June 14, 2021
Every June, we recognize Pride month because internet freedom and the human rights of LGBTQIA+ people go hand in hand.
LGBTQIA+ people have the right to access information, resources, and community relevant to their identities without being tracked, surveilled, censored, or persecuted—but in many parts of the world, governments block LGBTQIA+ content and punish people who engage with it.
- In Russia, people face fines, prison sentences, intimidation, and violence for posting LGBTQIA+ content. In 2020, an activist was fined 75,000 rubles for posting a photo with the words, “Family is where the Love is. Support LGBT+ families.”
- In Indonesia, LGBTQIA+ content, services, apps, and even emojis depicting LGBTQIA+ themes are frequently blocked or removed from app stores, with big tech complying with demands to censor this content. In 2018, Indonesian authorities purchased surveillance tools to track LGBTQIA+ rights activists.
- In Uganda, the LGBTQIA+ community is the target of regular technical attacks. Activists are hacked and surveilled, and attackers use content from hacked accounts to blackmail LGBTQIA+ people in the spotlight.
- In the United States, public schools are required by federal law to use software to block pornographic websites, but schools often use that software to block sites that discuss LGBTQIA+ issues and resources that are not sexually explicit in any way.
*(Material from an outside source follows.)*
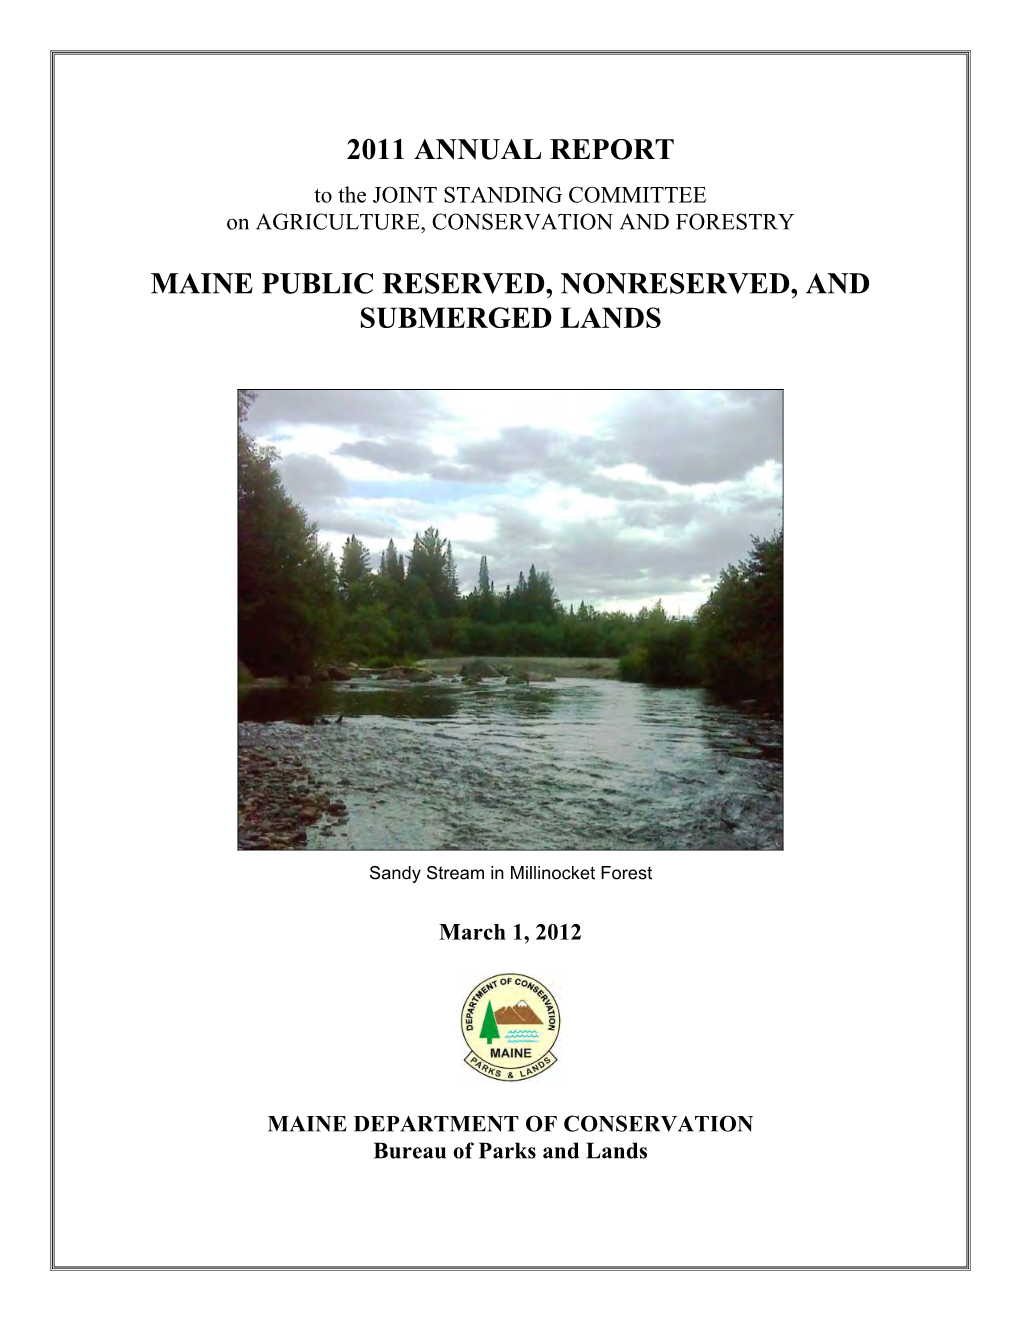 2011 Annual Report Maine Public Reserved

- In Egypt, authories used the social networking app Grindr to track down and persecute LGBTQIA+ people by using fake profiles to gather evidence that is used to imprison, torture, and prosecute LGBTQIA+ people for “illegal sexual behavior.”
Globally, many LGBTQIA+ people need privacy and censorship circumvention tools like Tor to communicate with their peers, find important resources, or fight for their rights without facing violence.
This is one of the many reasons why we do what we do at the Tor Project, and it’s the reason we monitor the availability of LGBTQ+ sites in OONI tests, so we can better understand which countries are censoring these sites and who needs circumvention technology. (You can help monitor internet censorship, including against LGBTQIA+ sites, by running OONI Probe.) That’s why we travel to countries where governments outlaw or punish being LGBTQIA+ and lead workshops for community organizations about how to protect their privacy online. That’s why we partner with LGBTQIA+ groups to ensure that we’re learning about how they use privacy tech, and what they need from Tor in order to stay safe when using the internet.
Pride and privacy go hand in hand. This June and year round, the Tor Project stands in solidarity with the LGBTQIA+ community. Happy Pride!